За городом к похоронной процессии присоединилось десятка полтора работниц; они затянули жалобную песню; молитвенных песнопений не было, так как Малиновского хоронили без ксендза.
По мере отдаления от города из проходов и закоулков стекалось все больше людей; прямо от станков, грязные, посинелые от холода присоединялись они к процессии и сомкнутыми, грозными рядами шли за гробом своего товарища.
Порывистый ветер относил в сторону звуки жалобной песни, хлестал дождь со снегом, холод пронизывал до костей.
В аллеях кладбища голые деревья стонали под напором ветра, и в надрывающей душу песне звучали жалоба и безутешное горе.
Под аккомпанемент унылого шума голых деревьев, мимо пышных надгробий, по месиву из прелой листвы, грязи и снега похоронная процессия торопливо подвигалась в глубь кладбища, туда, где хоронили «отверженных» и где среди засохшего чертополоха и коровяка горбилось несколько могильных холмиков.
Гроб быстро опустили в могильную яму, на крышку со стуком посыпались комья мерзлой желтой глины, шквалом взметнулись плач и причитания, заглушив на миг громкую молитву коленопреклоненных рабочих.
Ветер внезапно стих и больше не раскачивал деревья, с хмурого, затянутого тучами неба мириадами белых мотыльков летели на землю тяжелые хлопья снега; оседая на одежде, могилах, они покрывали все унылой, белой пеленой.
Из Лодзи сквозь снежную завесу глухо доносились фабричные гудки, возвещая вечерний перерыв.
— Что с Зоськой? — спросил Блюменфельд у Вильчека, когда они возвращались с кладбища.
— На панель пойдет. Узнав о смерти Кесслера, она пришла в ярость из-за того, что по вине отца ей придется искать нового покровителя. Впрочем, кажется, о ней уже позаботился Вильгельм Мюллер.

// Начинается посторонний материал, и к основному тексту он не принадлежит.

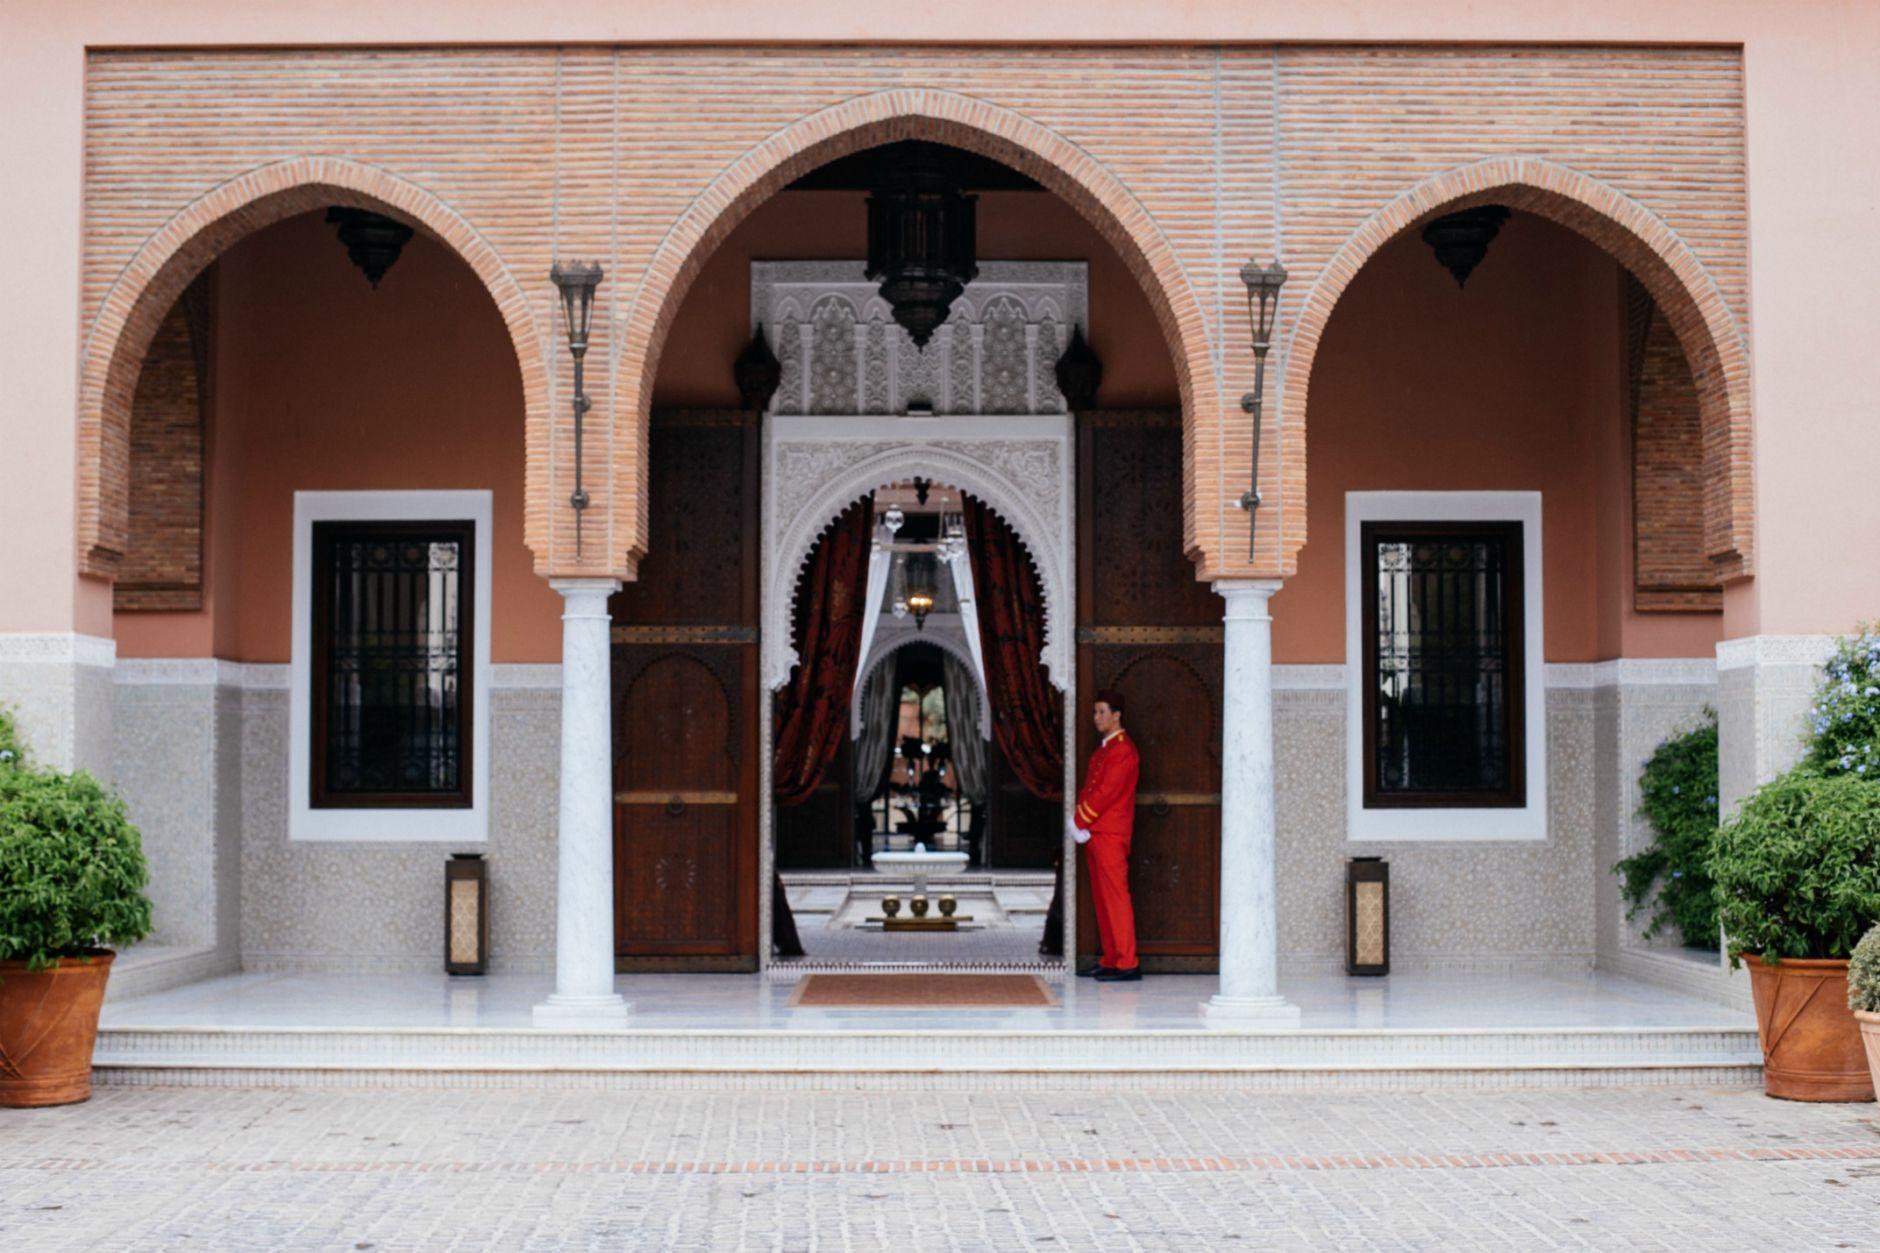 royal-mansour-hotel-luxury-marrakesch-marrakesh-morocco-edisa-shahini-disicouture-blog-02993y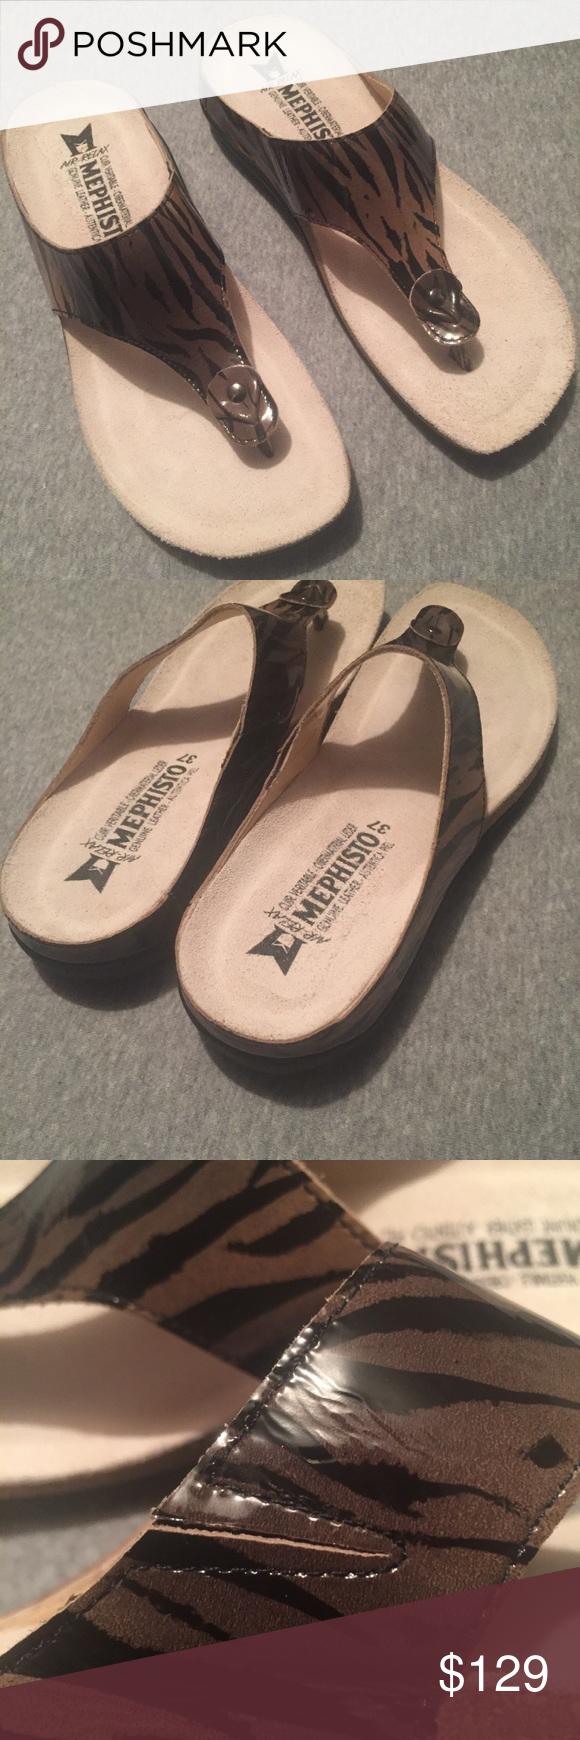 Women's Mephisto Tiger Print Patent Sandals Sz 37 Patent

— Чем вы сейчас занимаетесь? — поинтересовался Горн, присоединяясь к ним.
— Ищу какое-нибудь новое дело. От Гросглика я ушел, а торговля углем мне порядком надоела.
— Говорят, вы продали участок Грюншпану?
— Продал, — буркнул он и, как от мучительной боли, стиснул зубы.
— Что, никак он вас надул?
— Надул, надул! — повторил Вильчек, словно это признание доставляло ему удовольствие. Продал за сорок тысяч, получил чистыми тридцать восемь с половиной, но все-таки он надул меня! И я ему этого никогда не прощу!
Он поднял воротник шубы, заслоняя пылавшее возмущением лицо и защищаясь от снега, который валил все гуще и больно сек по глазам.
— Ничего не понимаю: такую уйму денег получили, а говорите: вас надули?!
— Вот именно! Послушайте, как было дело: когда
Он замолчал и немного отстал, чтобы справиться с душившей его бессильной яростью.
Дело было даже не в деньгах, просто он никак не мог пережить, что обманут каким-то Грюншпаном. И его самолюбие невыносимо страдало.
Ему никого не хотелось видеть и, сдержанно попрощавшись с приятелями, он сел на извозчика и поехал домой. Жил он все в той же лачуге, так как деньги заплатил вперед, до весны.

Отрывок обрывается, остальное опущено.